-- RECORDED DATA follows --

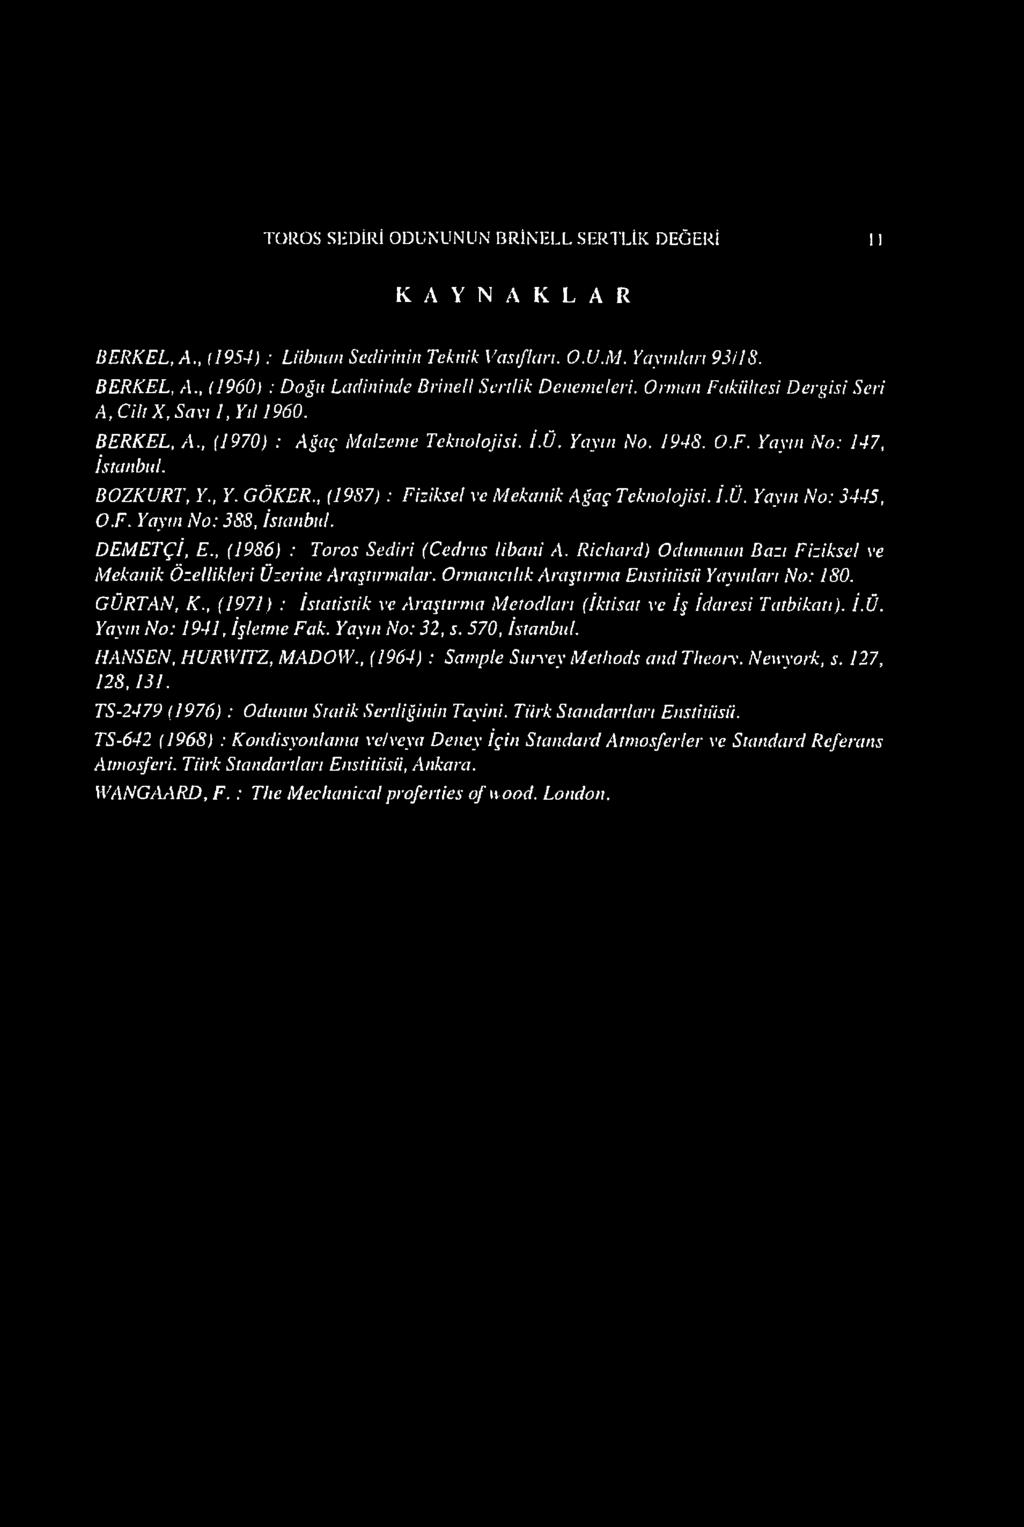 , (1987) : Fiziksel ve Mekanik Ağaç Teknolojisi. İ.Ü. Yayın No: 3445, O.F. Yayın No: 388, İstanbul. DEMETÇİ, E., (1986) : Toros Sediri (Cedrus libani A.
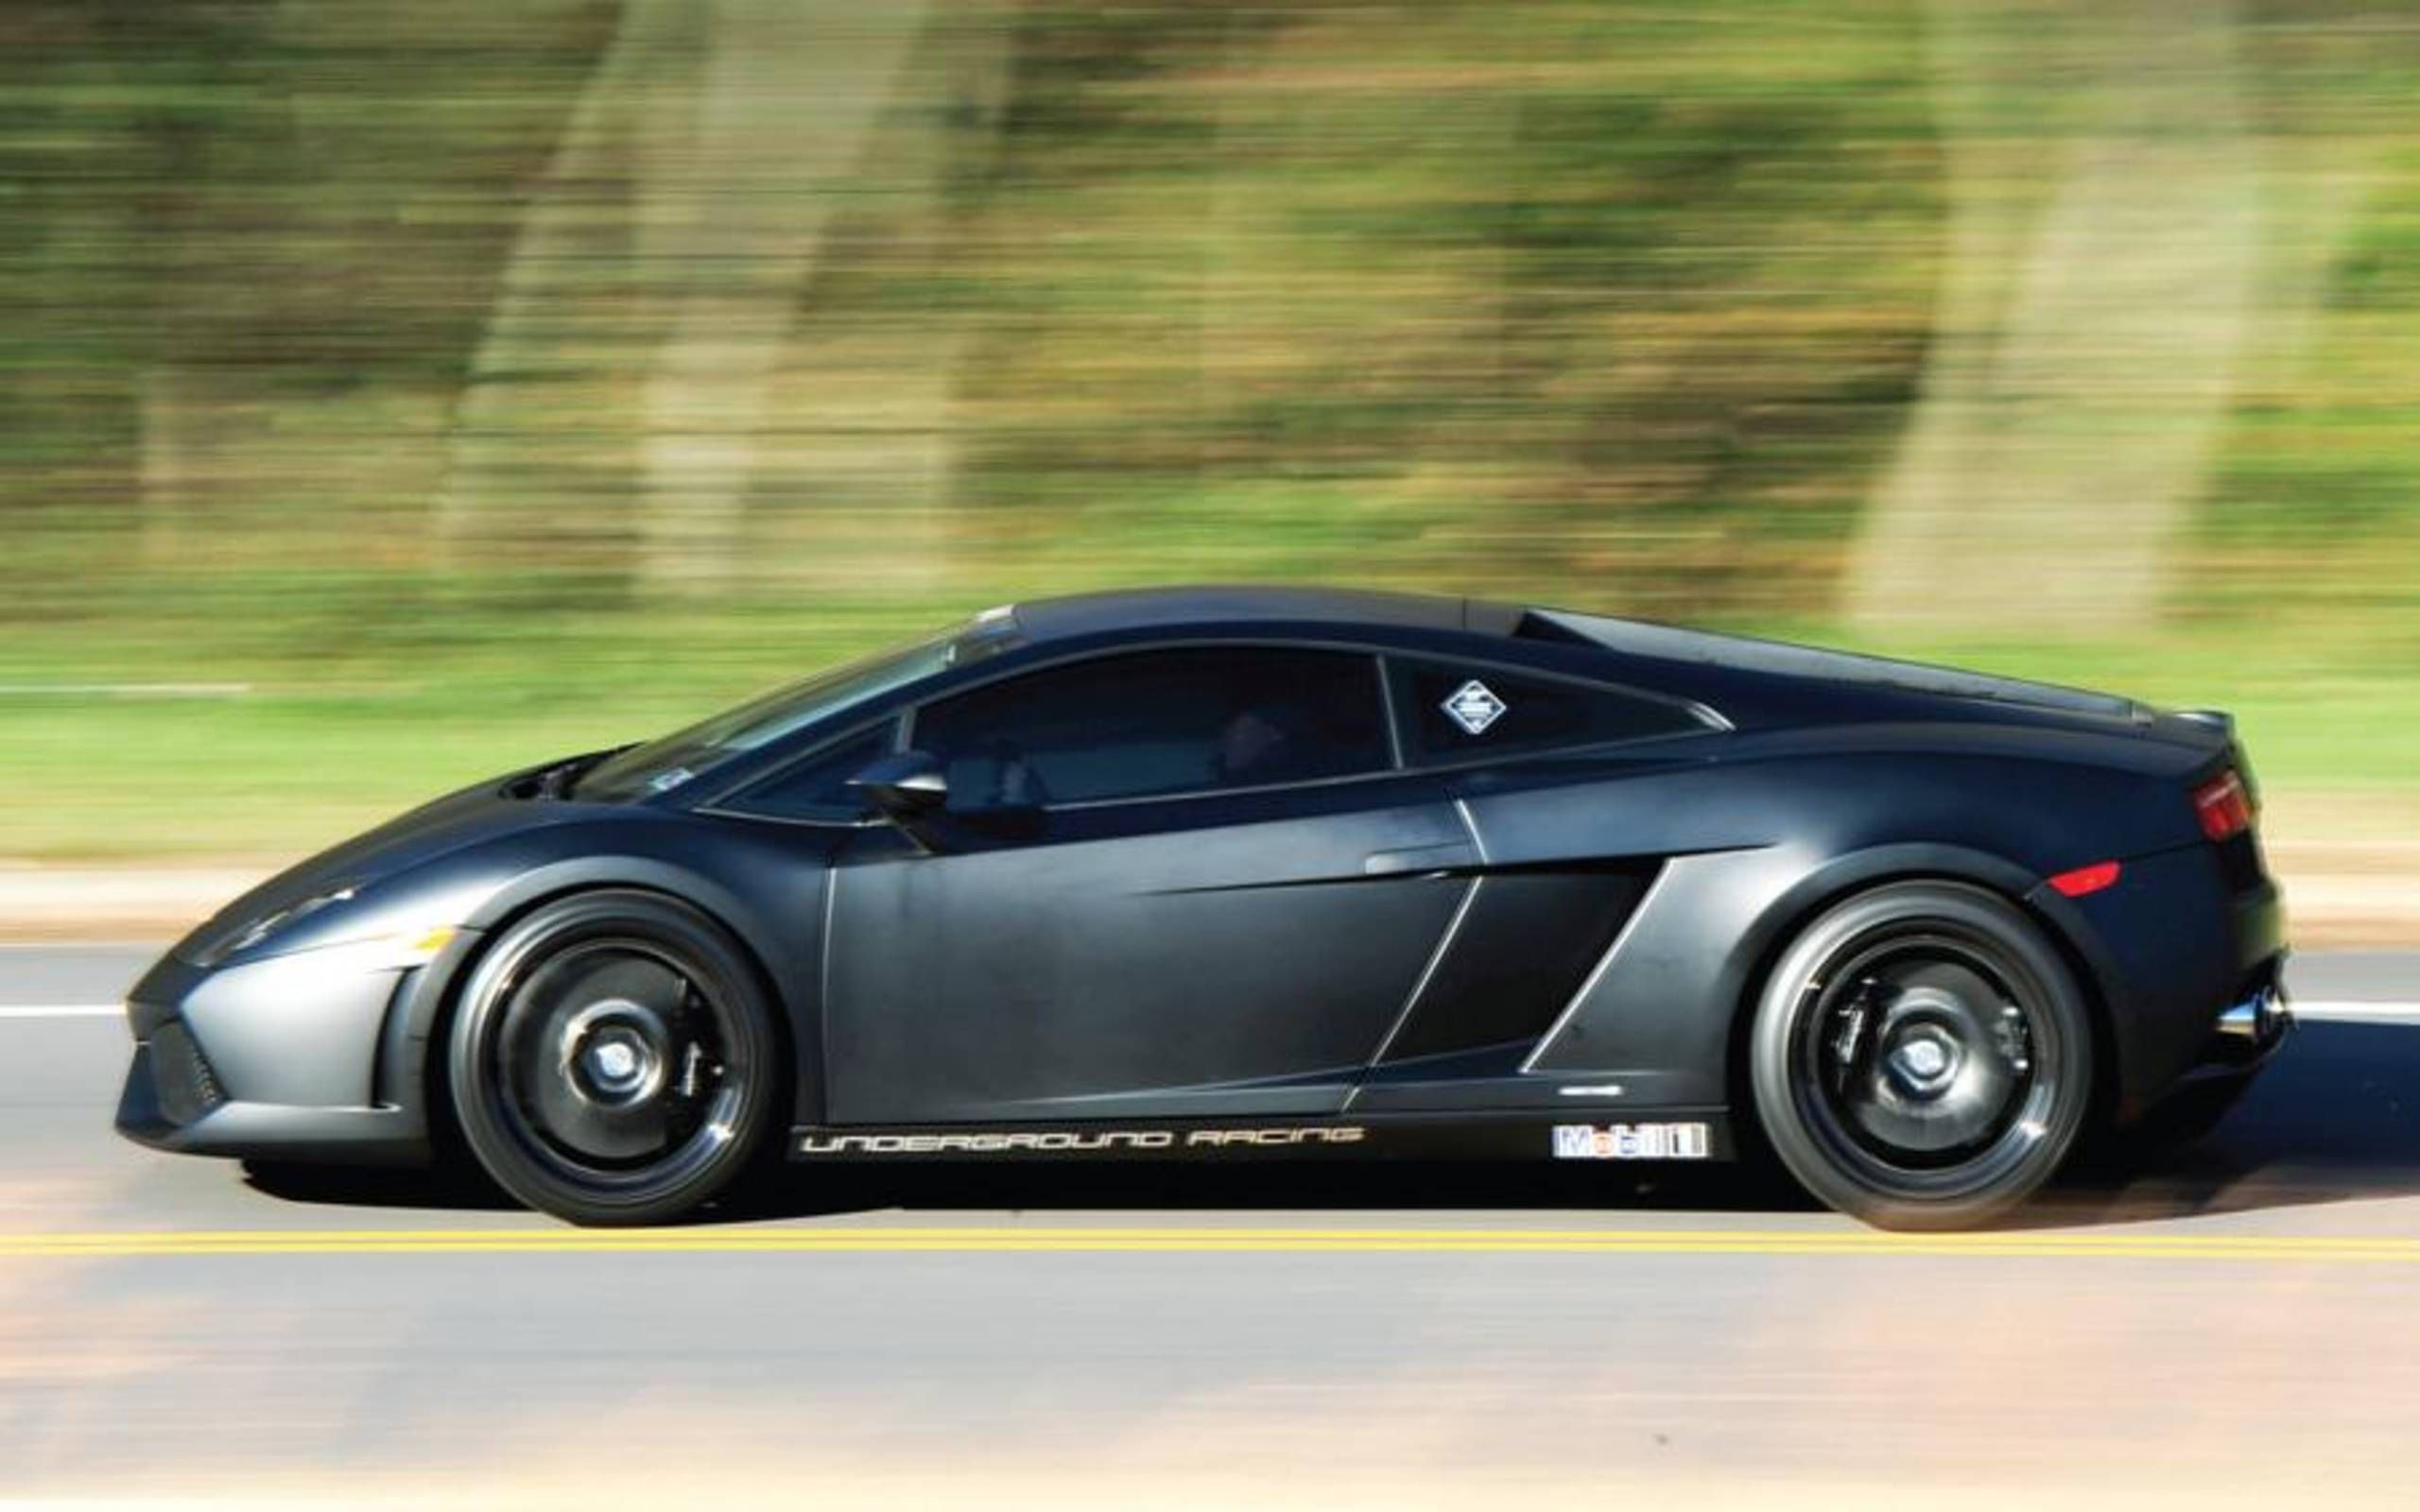 Underground Racing's twin-turbo Lamborghini Gallardo tempts with 1,000 hp
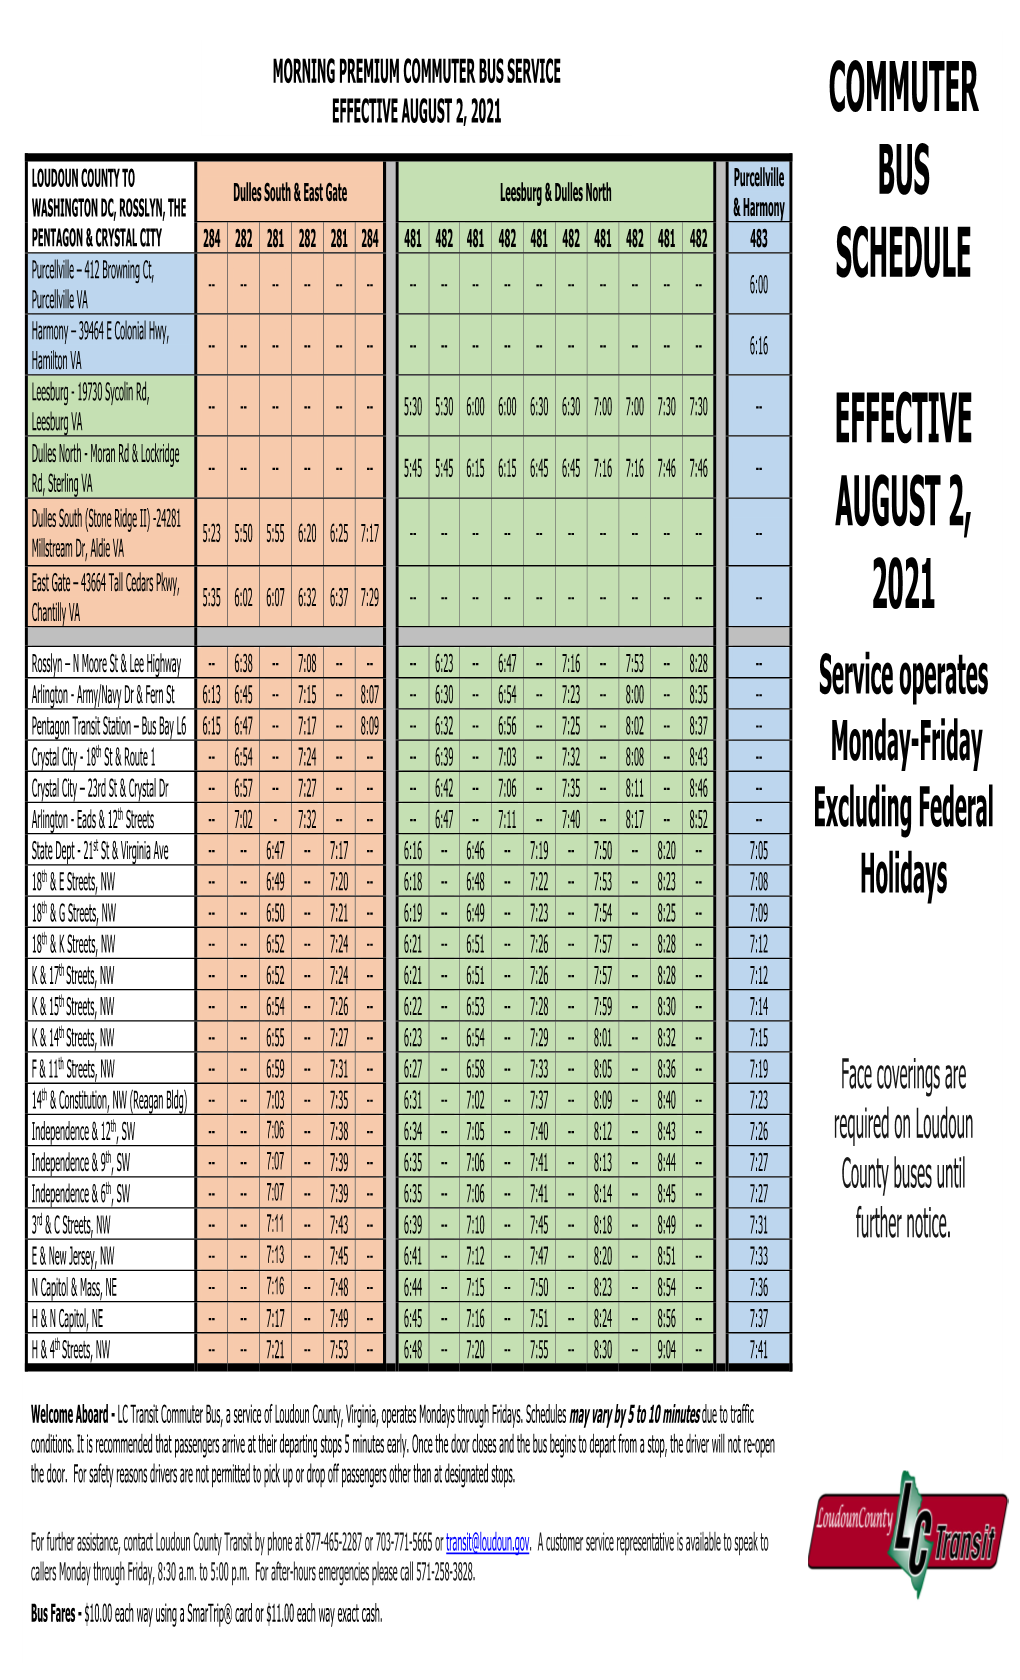 Commuter Bus Schedule Effective August 2, 2021
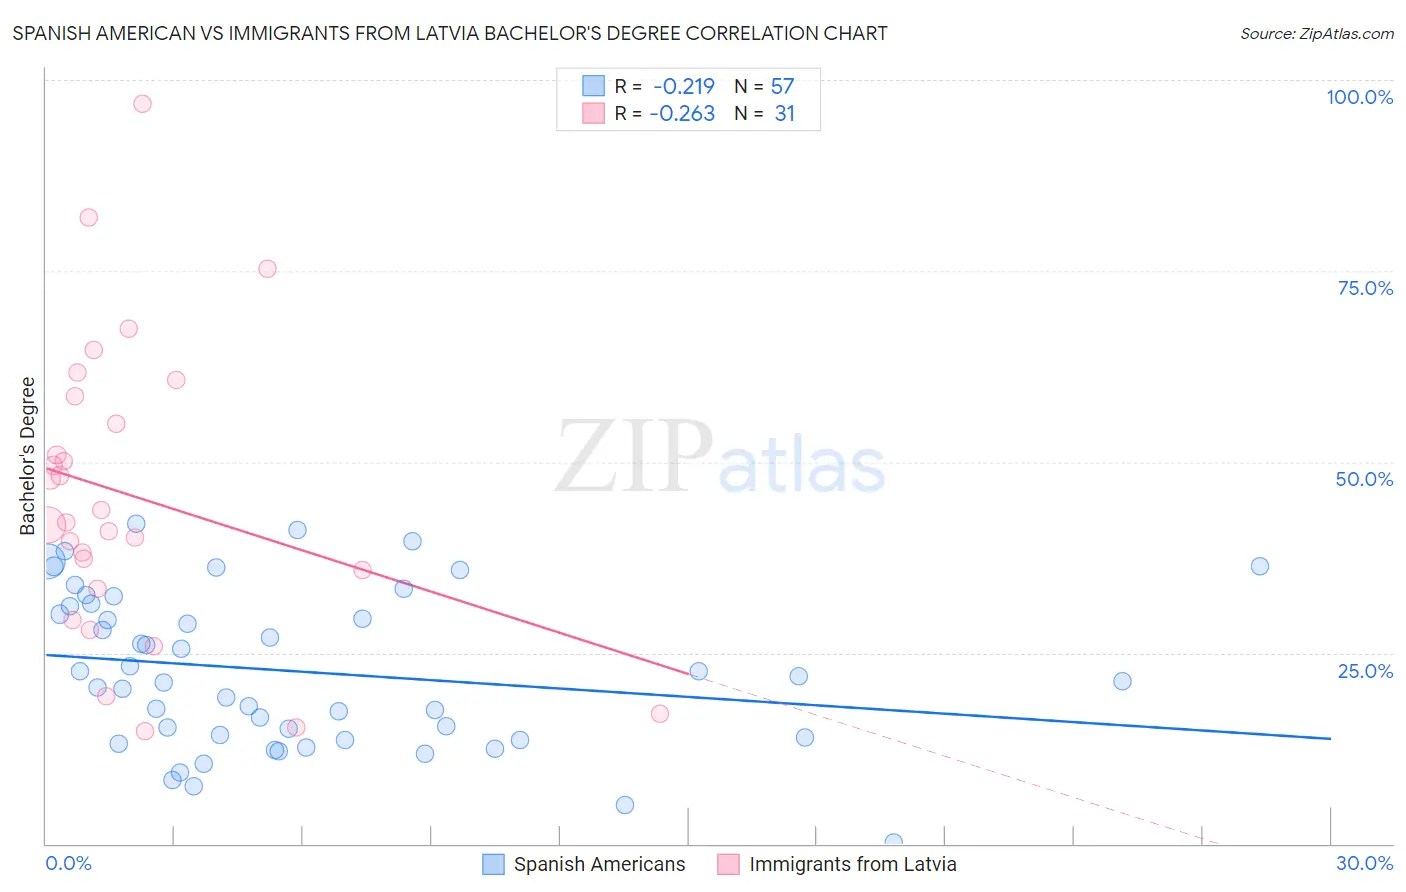 Spanish American vs Immigrants from Latvia Bachelor's Degree

-- RECORDED DATA concluded --

## [EXERCISE]
Without the pictures, write out the listing exactly as it appears above.

## [EXPECTED OUTPUT]
 , (1987) : Fiziksel ve Mekanik Ağaç Teknolojisi. İ.Ü. Yayın No: 3445, O.F. Yayın No: 388, İstanbul. DEMETÇİ, E., (1986) : Toros Sediri (Cedrus libani A.
 Underground Racing's twin-turbo Lamborghini Gallardo tempts with 1,000 hp
 Commuter Bus Schedule Effective August 2, 2021
 Spanish American vs Immigrants from Latvia Bachelor's Degree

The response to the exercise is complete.